JoVE Journal > Developmental Biology
Summary
Abstract
Introduction
Protocol
Ergebnisse
Discussion
Offenlegungen
Acknowledgements
Materials
Referenzen
Please note that all translations are automatically generated. Click here for the English version.
Entwicklungsbiologie

Differentiatie en karakterisering van osteoclasten van door de mens geïnduceerde pluripotente stamcellen

Published: March 22, 2024
doi:
10.3791/66527
, , , ,
1Department of Bioengineering, Department of Medicine,University of Washington, 2Department of Orthopedics and Trauma Surgery, Medical Faculty Mannheim,Heidelberg University

Summary

Dit protocol presenteert de differentiatie van humane osteoclasten van geïnduceerde pluripotente stamcellen (iPSC’s) en beschrijft methoden voor de karakterisering van osteoclasten en osteoclastprecursoren.

Abstract

Dit protocol beschrijft de voortplanting en passaging van humane iPSC’s en hun differentiatie in osteoclasten. Eerst worden iPSC’s gedissocieerd in een eencellige suspensie voor verder gebruik bij embryoïde lichaamsinductie. Na mesodermale inductie ondergaan embryoïde lichamen hematopoëtische differentiatie, waardoor een drijvende hematopoëtische celpopulatie ontstaat.
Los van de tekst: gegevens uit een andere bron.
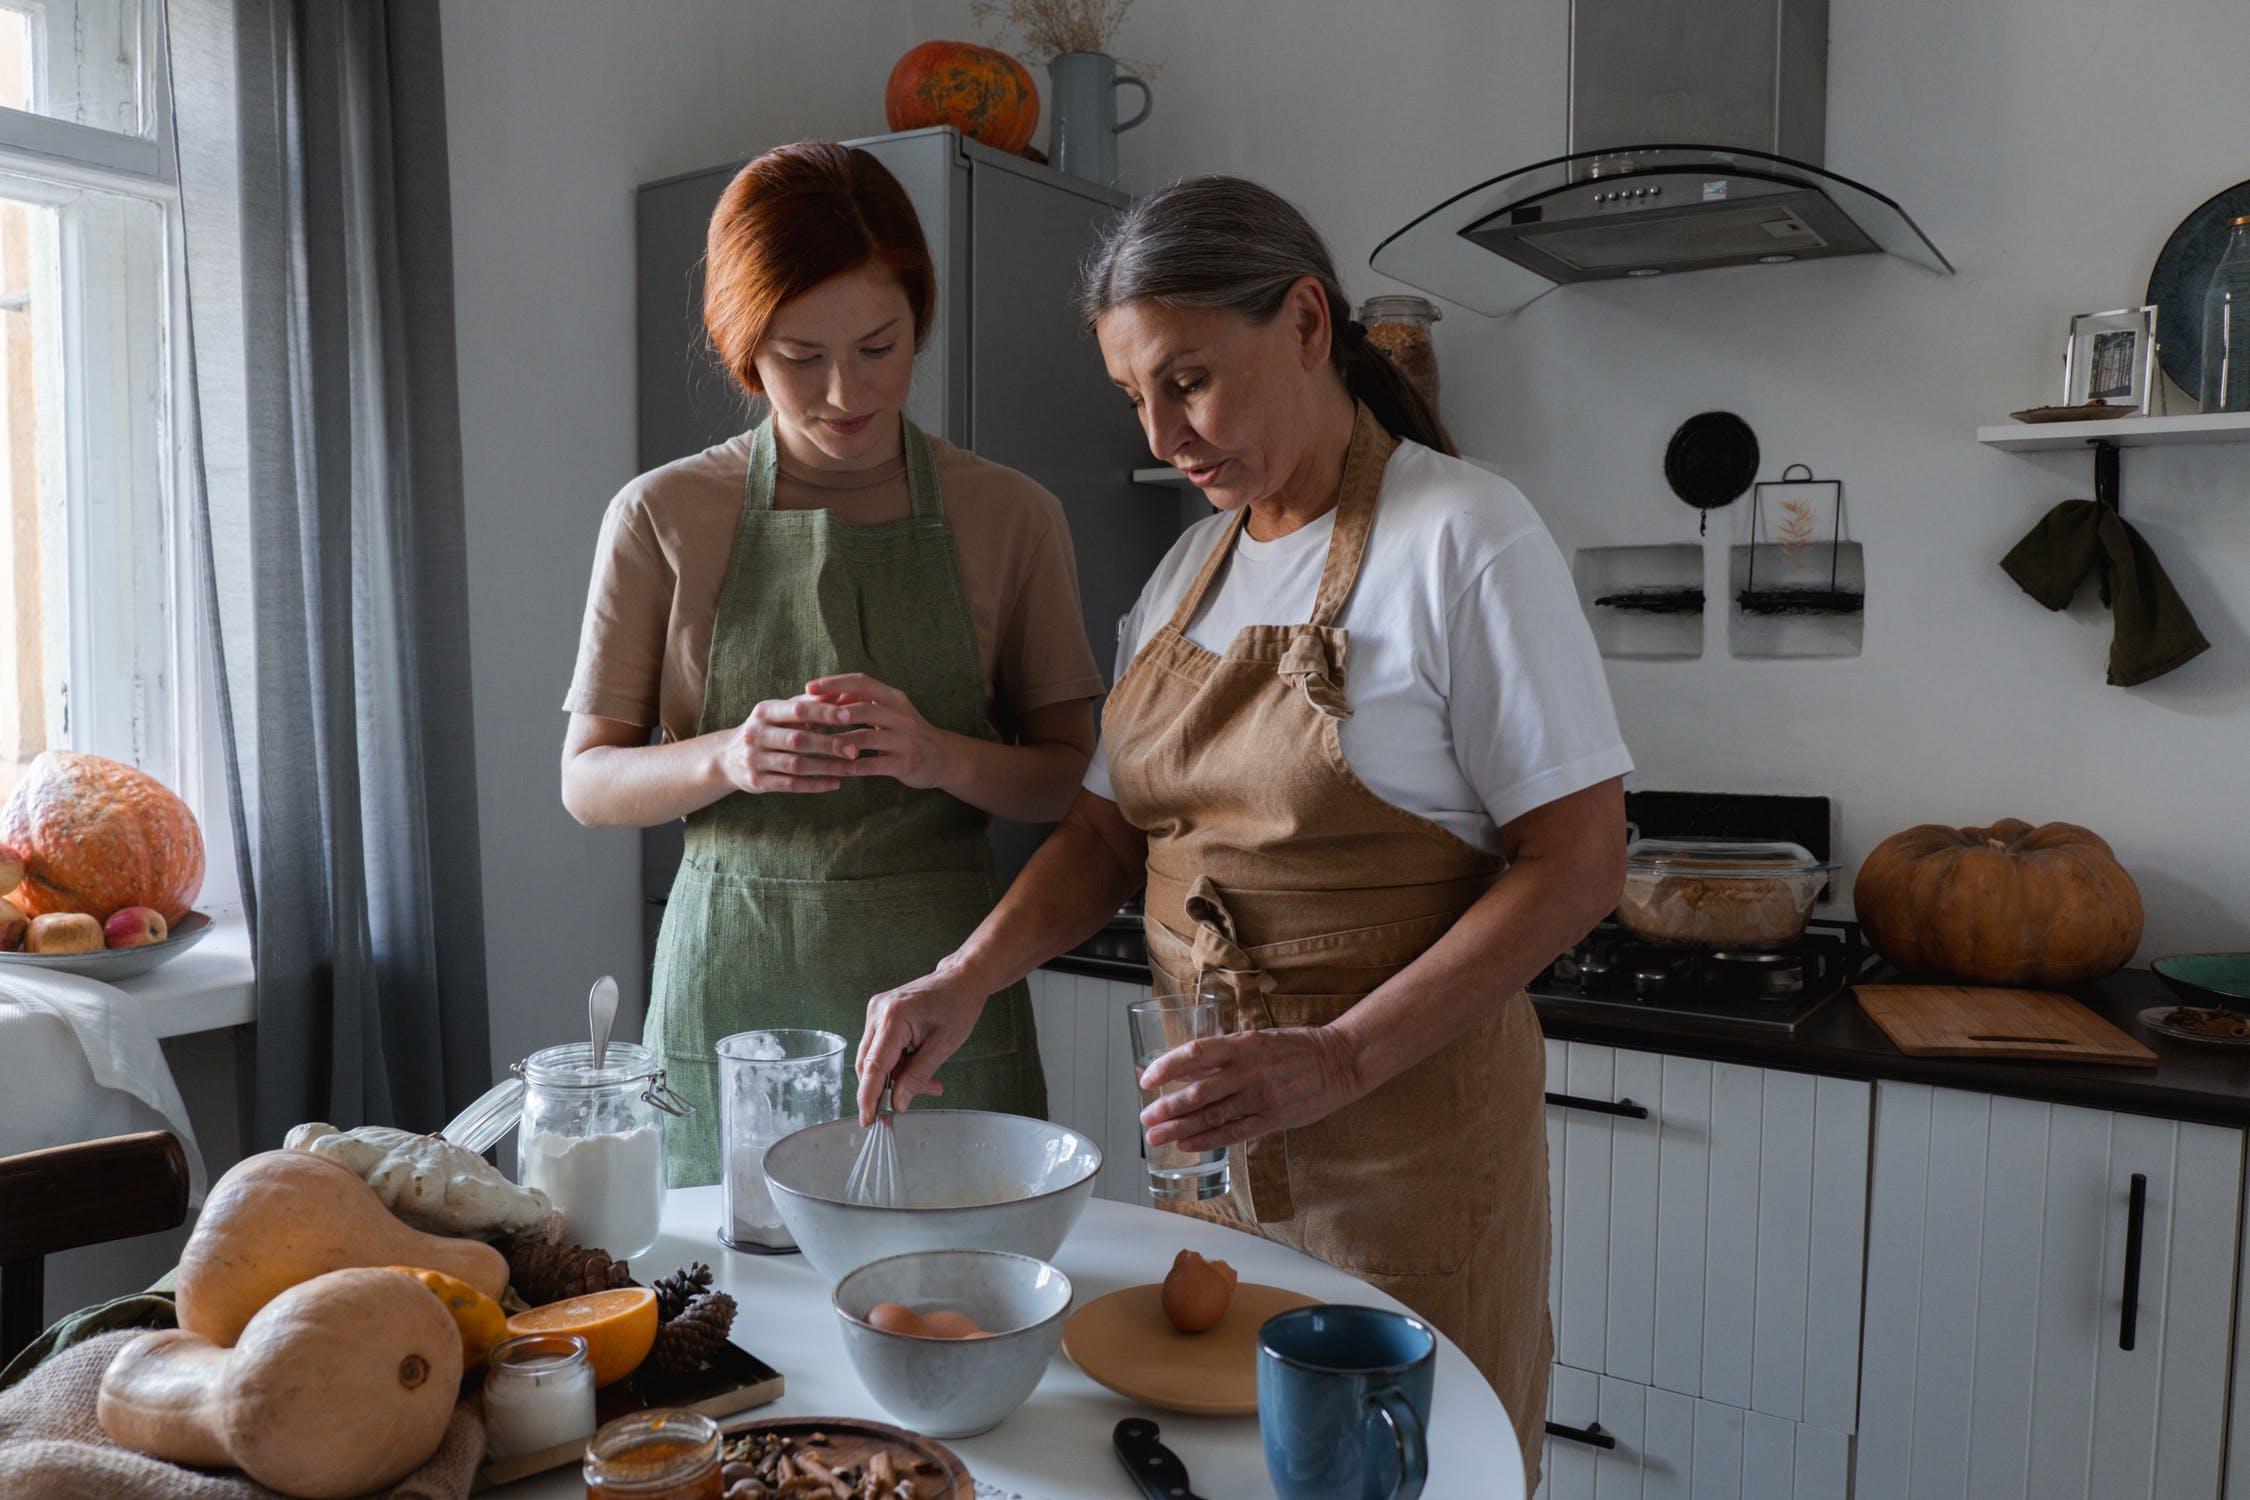 kitchen, yescomusa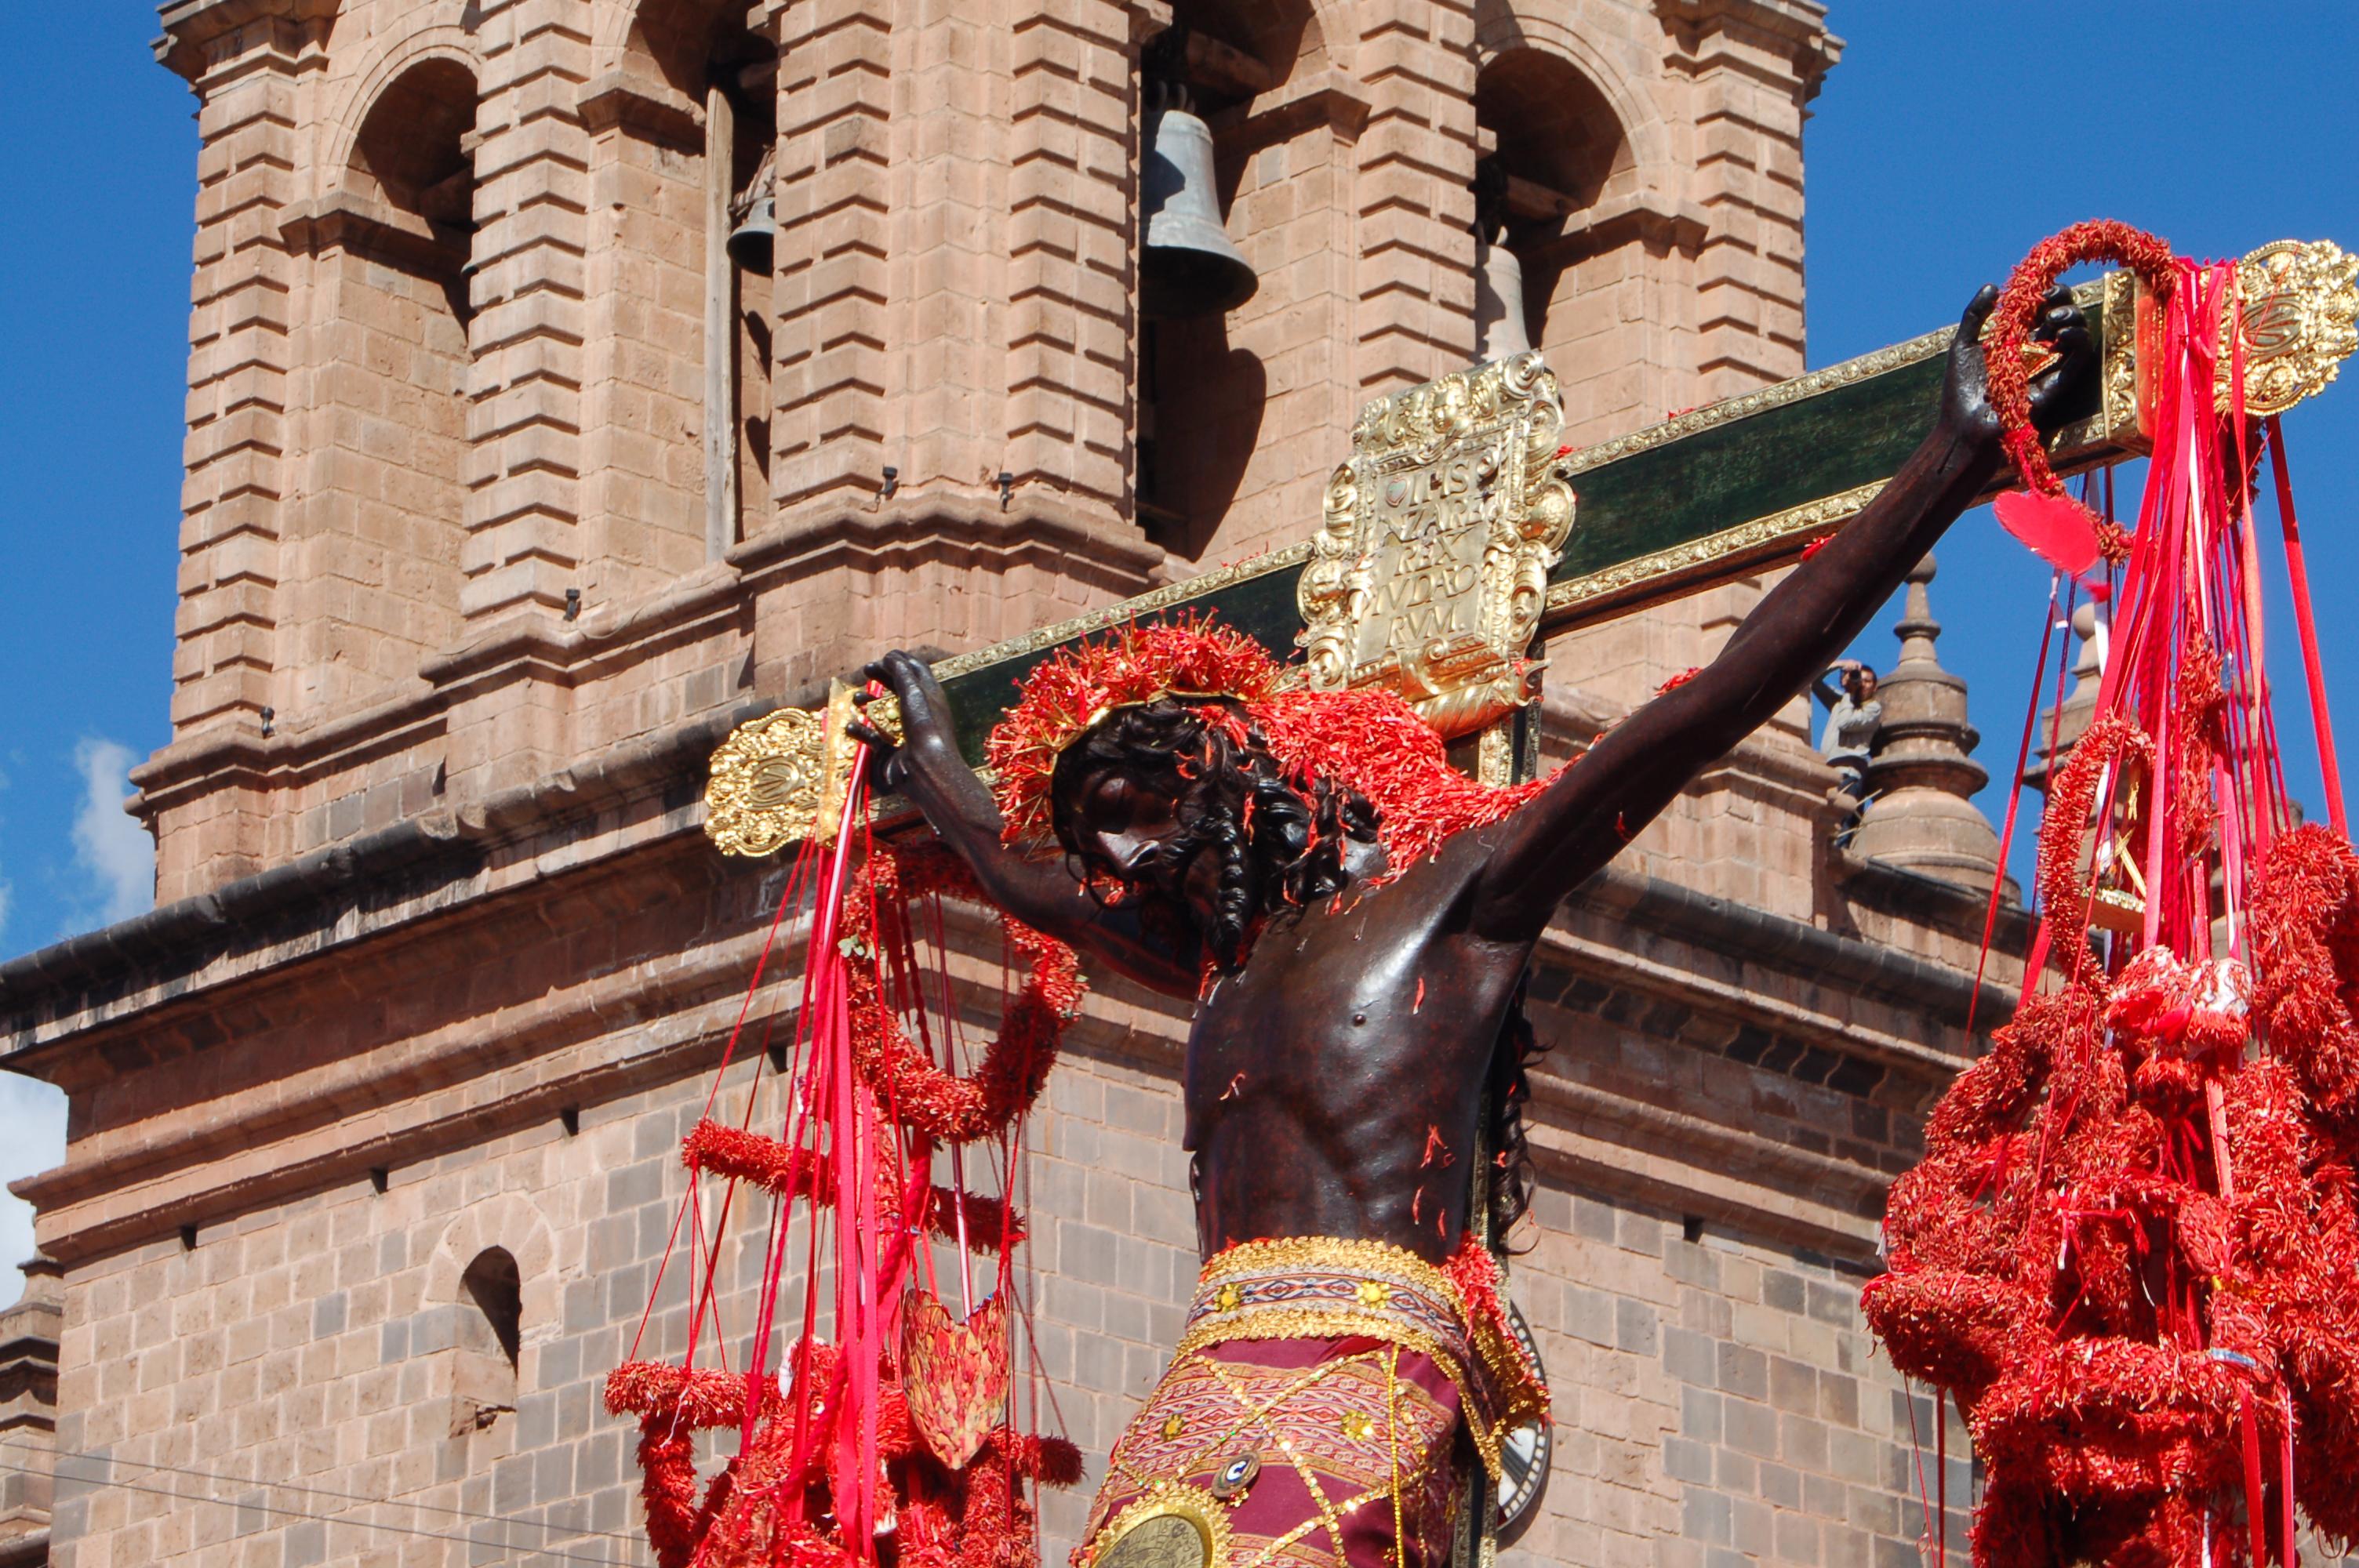 Señor de los Temblores Procession in Cusco

Vervolgens ondergaan de geoogste hematopoëtische cellen een macrofaagkolonie-stimulerende factorrijpingsstap en ten slotte osteoclastdifferentiatie. Na osteoclastdifferentiatie worden osteoclasten gekenmerkt door kleuring voor TRAP in combinatie met een methylgroene nucleaire kleuring. Osteoclasten worden waargenomen als meerkernige, TRAP+ polykaryonen. Hun identificatie kan verder worden ondersteund door Cathepsine K-kleuring. Bot- en mineraalresorptietesten maken functionele karakterisering mogelijk, waardoor de identiteit van bonafide osteoclasten wordt bevestigd. Dit protocol demonstreert een robuuste en veelzijdige methode om menselijke osteoclasten te onderscheiden van iPSC’s en maakt een gemakkelijke toepassing mogelijk in toepassingen die grote hoeveelheden functionele menselijke osteoclasten vereisen. Toepassingen op het gebied van botonderzoek, kankeronderzoek, weefselmanipulatie en endoprotheseonderzoek kunnen worden overwogen.

Introduction

Osteoclasten (OC’s) zijn hematopoëtische 1,2, veelzijdige celtypen die vaak worden gebruikt door onderzoekers op gebieden zoals onderzoek naar botziekten 3,4, kankeronderzoek 5,6, weefselmanipulatie 7,8 en endoprotheseonderzoek 9,10. Niettemin kan differentiatie van OC een uitdaging zijn, aangezien fusie van mononucleaire precursoren tot meerkernige OC’s noodzakelijk is om functionele OC’s te creëren11. Verschillende biologische factoren, zoals receptoractivator van NF-KB-ligand (RANKL) en macrofaagkoloniestimulerende factor (M-CSF), zijn nodig voor OC-differentiatie. Van M-CSF is gemeld dat het een positief effect heeft op celproliferatie, celoverleving en RANK-expressie 12,13,14. Aan de andere kant bindt RANKL zich aan RANK, dat stroomafwaartse signaalcascades activeert die osteoclastogenese induceren. Activering wordt gemedieerd via TNF-receptor-geassocieerde factor 6 (TRAF6), wat leidt tot de afbraak van de nucleaire factor van kappa light polypeptide genversterker in B-celremmer, alfa (IκB-α), een bindend eiwit dat NF-kB-dimerenbindt 16,17. Vandaar dat bij de afbraak van IκB-α NF-kB-dimeren vrijkomen, die vervolgens in de kern worden verplaatst en de expressie van de transcriptiefactoren c-Fos en Nuclear Factor of Activated T-Cells 1 (NFATc1) induceren. Dit activeert op zijn beurt de transcriptie van een groot aantal OC-differentiatie-gerelateerde eiwitten15,18. Opgereguleerde eiwitten zoals DC-Stamp en Atp6v0d2 mediëren cel-celfusie van OC-precursoren, wat leidt tot syncytiumvorming 19,20,21.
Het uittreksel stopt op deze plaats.